Social Disadvantage and Despair

In addition to this “structural unemployment” caused by major industry decline, the other big challenge was/is the massive-scale “social housing” developments (in the US they’re called “projects”) built in the north and south of the city in the 1950’s. The consequence is that the city has tens of thousands of disadvantaged people, many of whom didn’t count in the unemployment statistics because they didn’t bother looking for work (either because they believed it wasn’t out there or they were content to eek out an existence on welfare payments and/or less legitimate means). Not looking for work means a lower “labour force participation rate” – Wollongong residents were 15% more likely to be part of this “hidden unemployed” than the Australian average (Wollongong at 56.2%; Australia at 64.6%).

If the fifteen years to the middle of the 90’s were tough, things didn’t get better with the boom Australia experienced over the next decade: instead of catching up from a rough period, Wollongong fell even further behind. From 1996 to 2006, job growth in the Wollongong area was barely half that of the rest of Australia (Youth Unemployment in Australia, Burrows, 2009, page 5).

In summary, you had a place that had been mauled by structural change, had a much greater than average number of people who’d “dropped out” of the economy (at least) – a pretty poor situation to then get hit with “the recession we had to have” in the early 90’s.

If this wasn’t bad enough, when things turned good with the longest expansion since WWII for the rest of the country, Wollongong was instead just slowly staggering forward, creating jobs at half the rate of the rest of the country.

Dark Clouds & Self Delusion

The collective effect of all of this was an often dark, despairing cloud hanging over the spirit of the city. That the only “feel good” leader of the city I can remember was later found to be a paedophile (and murdered “Primal Fear” style) is as damning as it sounds. Other leaders like my friend David Campbell mainly tried to minimize harm and manage the situation, while many other “leaders” who were just in it for themselves and their crooked mates held the city back. Given the politics of the region (very safe seat requiring no electoral benefit for any government to give a shit about), even if there was a credible government turnaround plan based on leadership and investment, there wasn’t the political willingness to fund it, much less leadership to lead it.

While the city still had all of its natural beauty, you could see why Wollongong was sneered at and looked down upon by most other Australians.

Efforts to change perceptions, while well meaning, stood no real chance of lasting success because they projected fiction, not reality (locals will remember the “Image Campaign” and the ‘we all know it’s bullshit’ tagline “City of Innovation”).

To illustrate, imagine the experience of a visitor who’d caught the train to Wollongong; they’d have to navigate crowds of bogans, junkies and petty crims, run the gauntlet of western Crown St and the dark and violent mall (see video below), pass the eyesore of the entertainment centre, to finally make it to the beauty of the beach and Flagstaff Hill.

Don Draper couldn’t market our way out of that reality. The fact we tried is testament to our tenacity and belief in the potential of the city.

First Signs of Promise

I remember being involved in a project in 2006 called the “Wollongong City Centre Revitalization Strategy“. It was spearheaded by the state Department of Planning under Frank Sartor, and a special agency was set up, headed by the impressive and energetic Chris Johnson to develop plans for half a dozen cities in the state. Wollongong was the first to get the treatment (probably because it needed it most), and I was one of the committee members providing input and reviewing the ideas/research coming out of the Department of Planning and the Office of the Government Architect.

For as long as I could remember, ideas to improve the city’s situation were vested in “projects”, most of which were little more than thought bubbles. There was the project to install a gondola, Cairns-style, to the top of Mt Keira to boost tourism. There was the project to build a boardwalk, Atlantic-City-style into the Pacific ocean off City Beach. There were innumerable individual property development projects, all of which needed to get a planning exception approved by Council because the City’s land-use plan was a few decades out of date and anything of any significance height or size wise was impermissible. Some of the projects worked out well – Innovation Campus – and others were massive mistakes that will rob the city of potential for generations (building the windowless Entertainment centre and rebuilding a barely used Stadium on prime beach-front land are right up there).

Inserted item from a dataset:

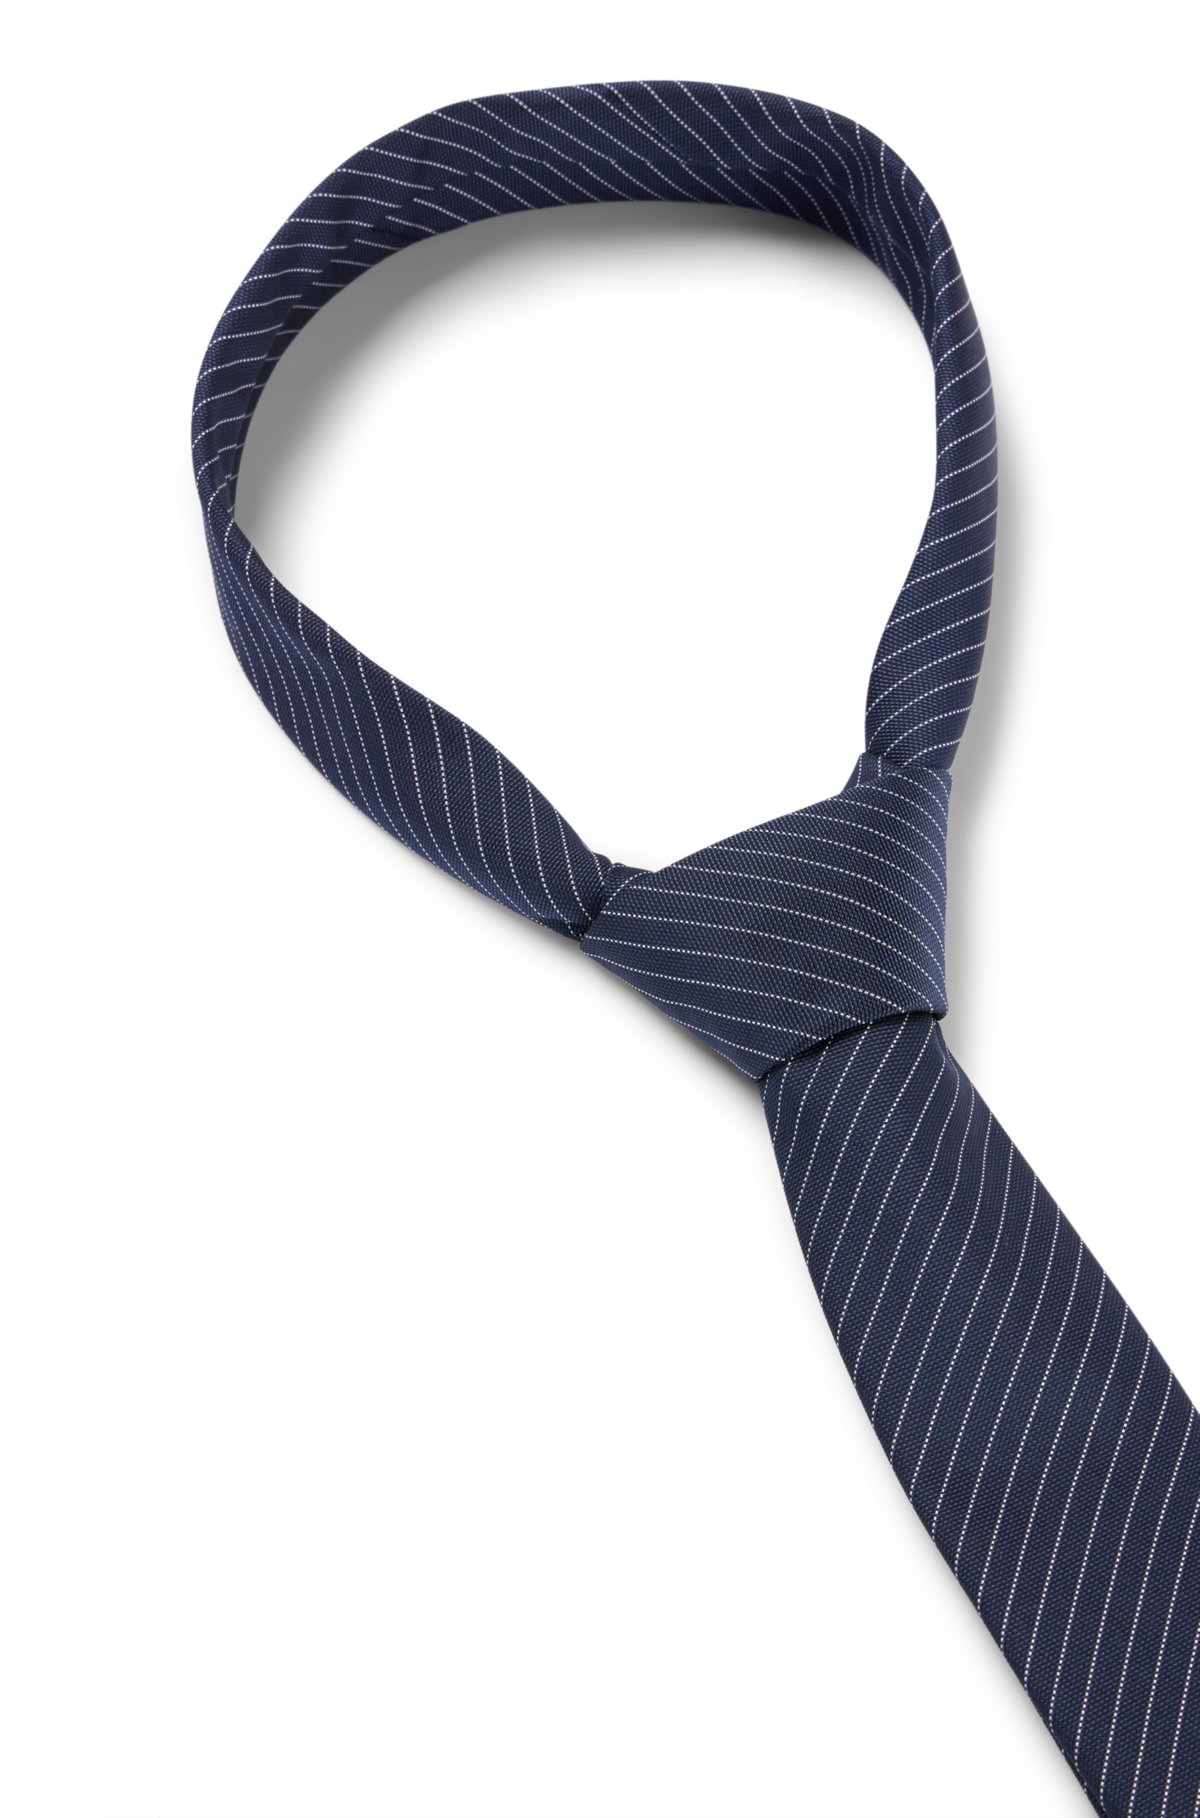 idea Pepino Difuminar HUGO - Corbata a rayas diagonales de fibras recicladas y seda
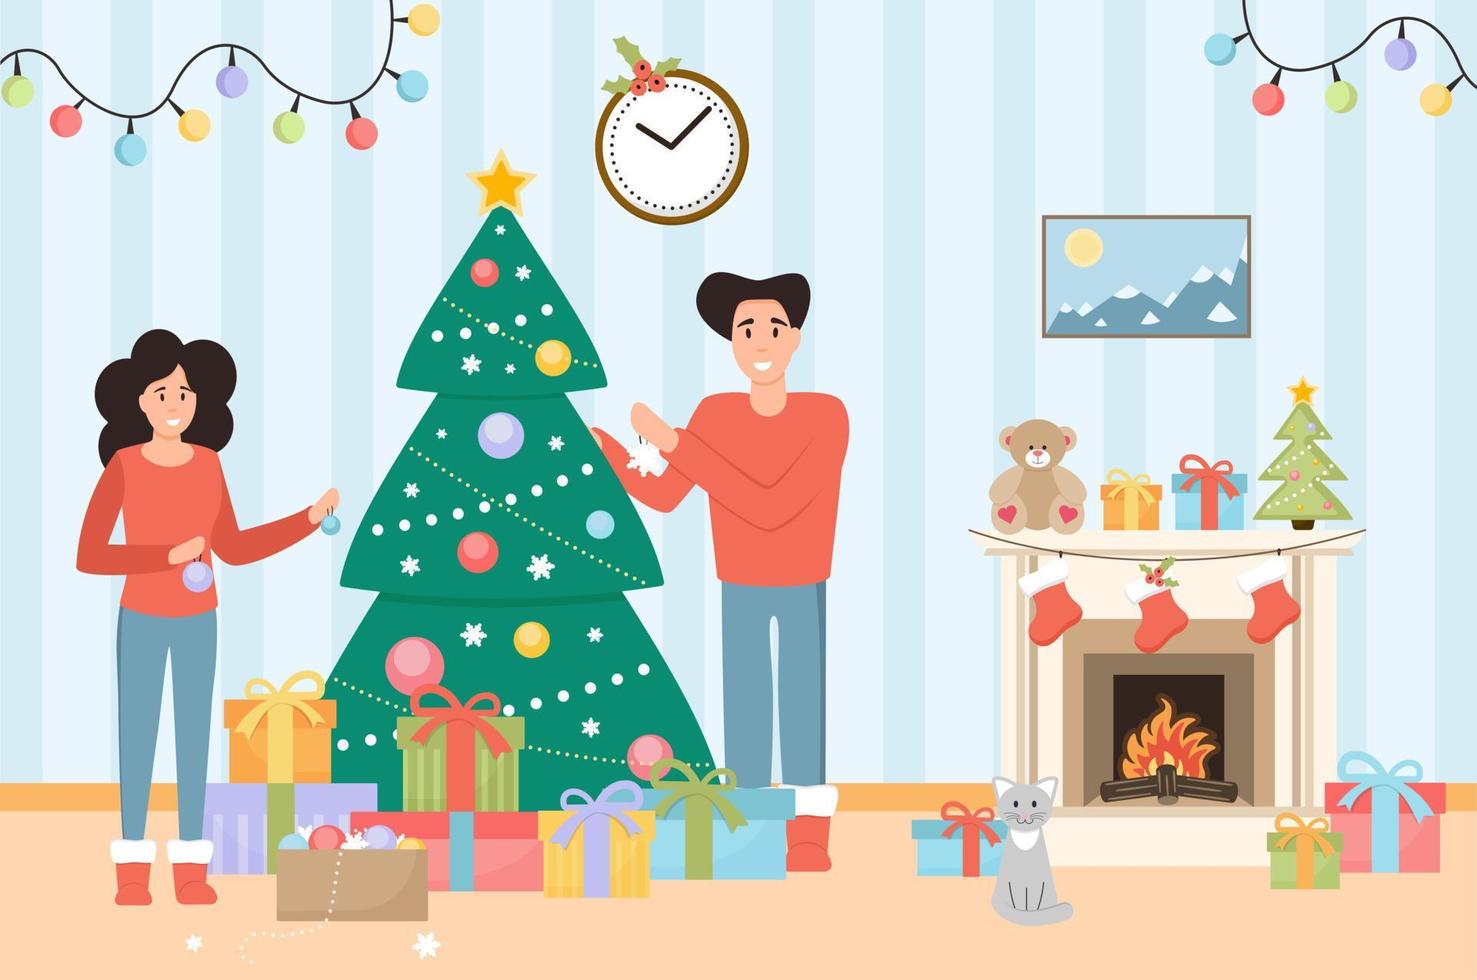 interior de la habitación de navidad con pareja de amor. celebración familiar de navidad en casa. árbol de navidad, cajas de regalo, chimenea, gato y decoración. vector

The City Centre Revitalization plan was different. Rather than focus on a specific issue (or two), it identified a series of a dozen that the city could do to revitalize the city centre. The plan applied research and best practices from around the world (Wollongong certainly wasn’t the first city to find itself in a depressive downward spiral). Some of them were needlessly controversial (build higher density and really tall buildings around transport infrastructure like the station – oh no, tall buildings must be evil!?!). Some of them were more aspirational, and others were just common sense (yet the fact they still had many detractors showed how there is an inverse correlation between the spare time some people have to complain and their actual levels of common sense).

wollongong-city-vision-concept

The strange thing about the process was just how obvious and sensible the whole thing was: identify the problems, create a series of complementary visions to address them, and then change planning controls and policies to encourage them. Some inspired decisions by government (the free Green Bus) played their part, but on the whole it was about setting the system up (with better, modern rules and incentives) so the economic energy of the private sector could turn high level visions into concrete reality. The community’s role in helping shape the plan was at the planning stage, not the implementation stage – instead of arguing about building X or traffic change Y, the high-level blueprint right at the beginning was the focus of input. Of course, community participation was fairly poor (less than 1% of the city’s population made a submissions), but from what I’m told by people who do this sort of consultation for a living, the website we built and the town-hall meetings we held resulted in about 5x the normal amount of participation than this sort of thing normally gets.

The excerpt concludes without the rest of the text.